Windows EC2 blackhole chaos
Windows EC2 blackhole chaos is an AWS chaos fault that drops 100% of network traffic destined for IP_ADDRESSES and/or DESTINATION_HOSTS on one or more Windows EC2 instances for a configurable duration. Targets are selected by EC2_INSTANCE_ID or EC2_INSTANCE_TAG. The fault installs a Windows firewall block rule via AWS Systems Manager Run Command and removes it at the end of the fault.
Use this fault to test how a Windows-hosted workload behaves when a specific dependency is completely unreachable: whether application timeouts engage, whether retries back off, whether circuit breakers open, and whether replicated services fail over to an alternate path.
If you have not configured the chaos infrastructure yet, go to Quickstart to install the chaos infrastructure and run an experiment end to end.
Use cases
Run this fault when you want to answer concrete questions like:
- Dependency unavailability: When a critical dependency (database, cache, third-party API) is unreachable, does the application fail fast with a clear error or hang waiting on the network?
- Circuit breaker: Does the application's circuit breaker open and serve a fallback?
- Cross-region failover: For multi-region workloads, does traffic shift to the alternate region when the primary becomes unreachable?
- Monitoring fidelity: Do alerts on "dependency unreachable" fire within the SLA?
- Recovery time: When the chaos ends, how quickly does the dependency become reachable and the workload return to normal?
Prerequisites
- Kubernetes version: 1.21 or later for the chaos infrastructure cluster.
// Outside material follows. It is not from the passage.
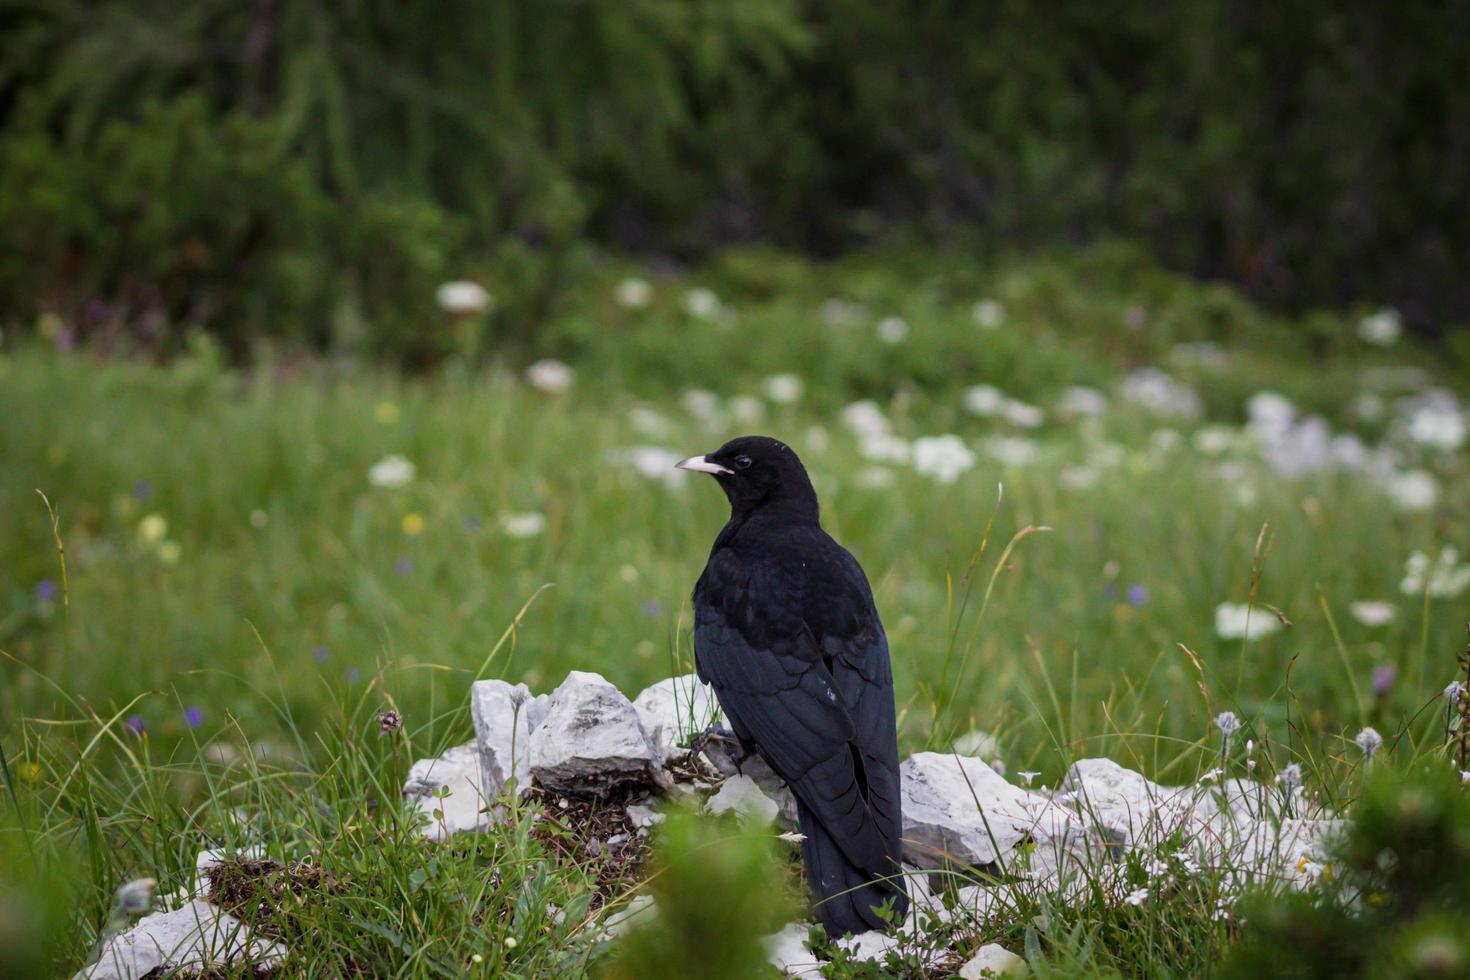 corbeau sur des rochers dans l'herbe photo

Go to What's supported to confirm distribution support.
- Target Windows EC2 instances: Each instance is in the
runningstate and registered with AWS Systems Manager. - Selection criteria: Either
EC2_INSTANCE_IDis set orEC2_INSTANCE_TAGis set. - Destinations: At least one of
IP_ADDRESSESorDESTINATION_HOSTSis set. - AWS credentials available: Either an AWS credentials file uploaded as a File Secret in Harness Secret Manager (see Authentication below) or an IAM role for service accounts (IRSA) bound to the chaos infrastructure service account.
- IAM permissions granted: The credentials or role include the permissions listed below.
Supported environments
| Platform | Support status |
|---|---|
| Windows Server 2016 / 2019 / 2022 EC2 | Supported |
| Linux EC2 instances | Not supported (use AZ blackhole for cross-AZ blackholing) |
| AWS regions | Supported in every commercial region; pass the region in REGION |
Permissions required
The IAM principal that the chaos pod uses (the credentials mounted from the Harness Secret Manager file secret, the IRSA role on the chaos service account, or the role assumed via ASSUME_ROLE_ARN) needs the following AWS actions.
{
"Version": "2012-10-17",
"Statement": [
{
"Effect": "Allow",
"Action": [
"ec2:DescribeInstances",
"ec2:DescribeInstanceStatus"
],
"Resource": "*"
},
{
"Effect": "Allow",
"Action": [
"ssm:SendCommand",
"ssm:CancelCommand",
"ssm:GetCommandInvocation",
"ssm:DescribeInstanceInformation"
],
"Resource": "*"
},
{
"Effect": "Allow",
"Action": [
"ec2messages:AcknowledgeMessage",
"ec2messages:DeleteMessage",
"ec2messages:FailMessage",
"ec2messages:GetEndpoint",
"ec2messages:GetMessages",
"ec2messages:SendReply"
],
"Resource": "*"
}
]
}
Go to common policy for all AWS faults to use a single superset IAM policy across every AWS fault.
Authentication
The fault supports three credential delivery models. Pick one based on how your chaos infrastructure is deployed.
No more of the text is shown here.